* Directions: In the material below, find the line with "Herenparfum Issey Miyake"; set down that line and every line after it to the end, exactly, without pictures.

* Data excerpt:
%%

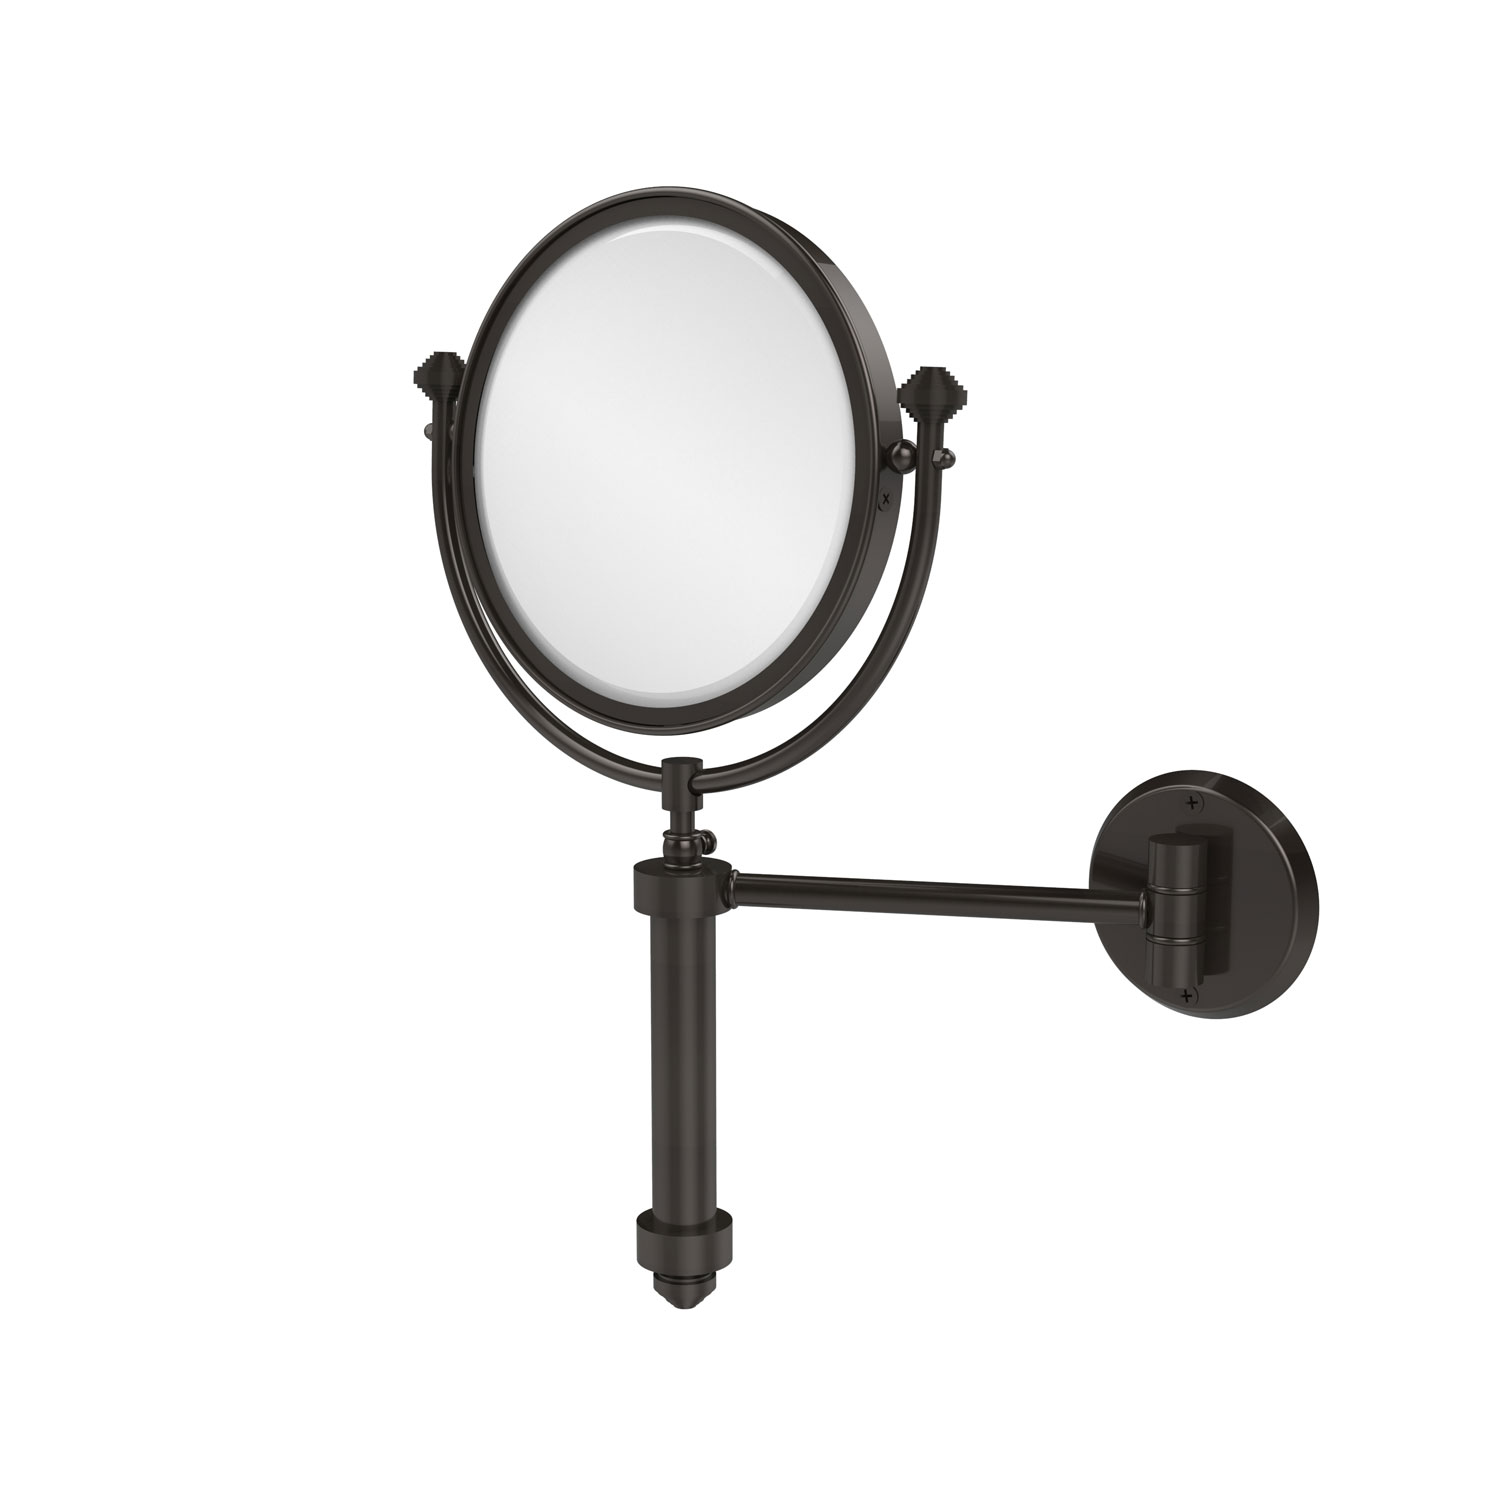 Southbeach Collection Wall Mounted Make-Up Mirror 8 Inch Diameter With 3X Magnification, Oil Rubbed Bronze
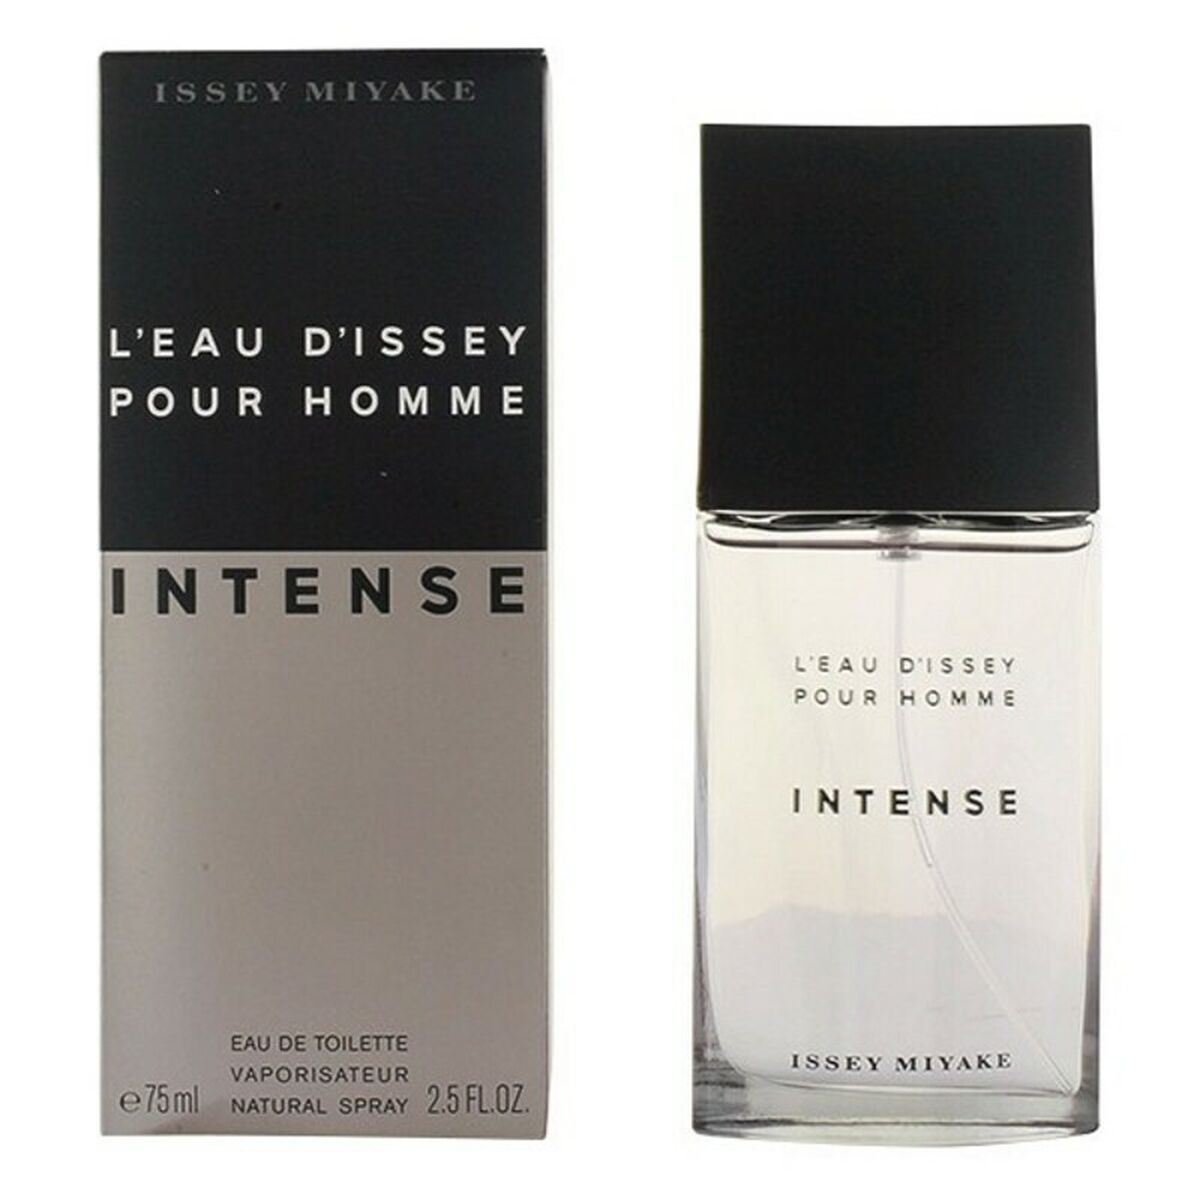 Herenparfum Issey Miyake EDT L'eau D'issey Pour Homme Intense (125 ml)
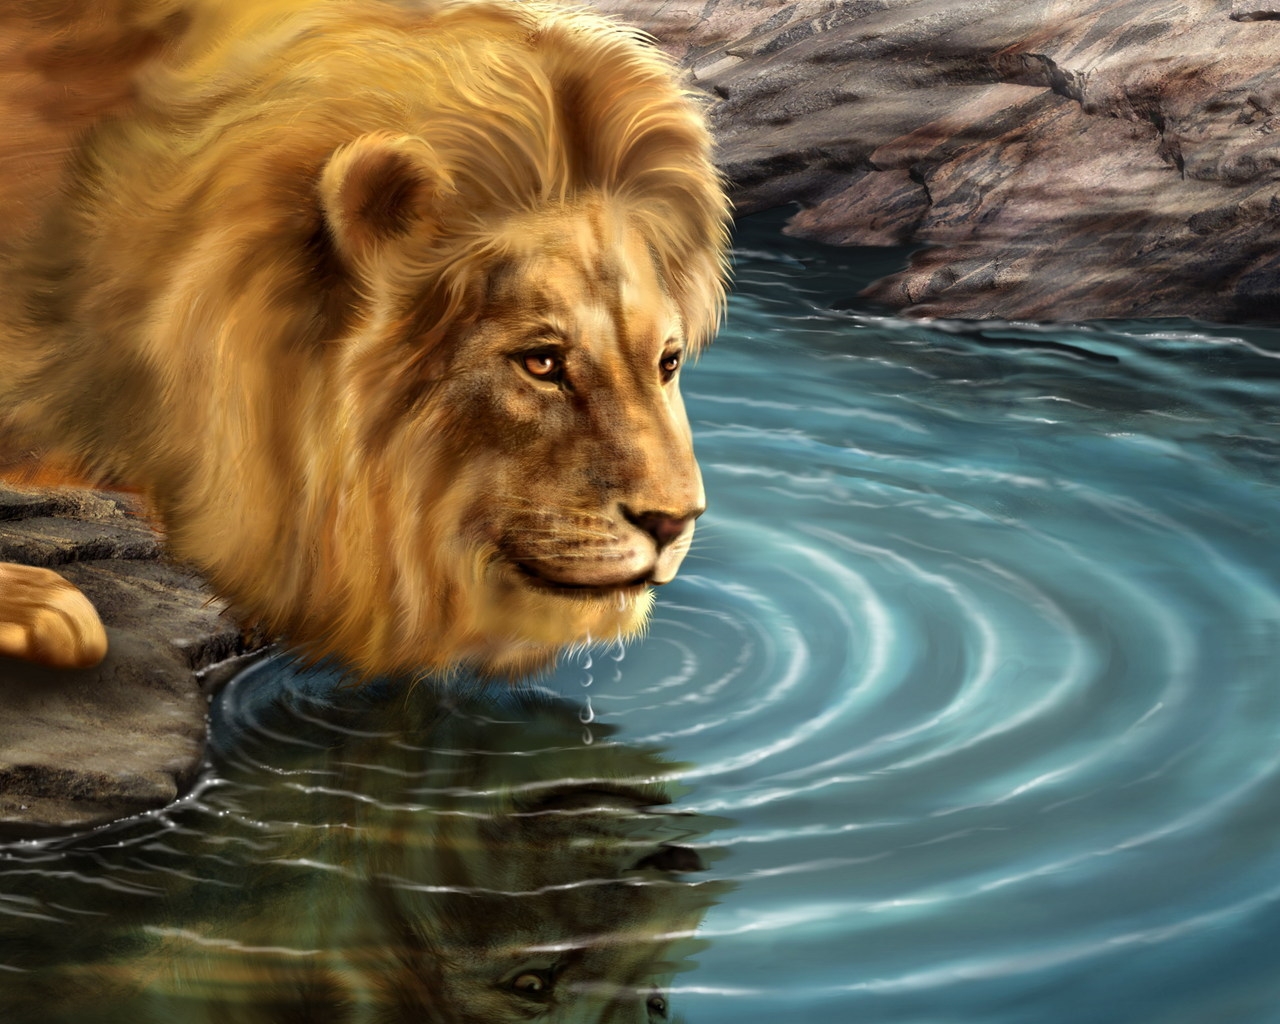 Lion Drinking Water for 1280 x 1024 resolution

%%

* Answer to this exercise:
 Herenparfum Issey Miyake EDT L'eau D'issey Pour Homme Intense (125 ml)
 Lion Drinking Water for 1280 x 1024 resolution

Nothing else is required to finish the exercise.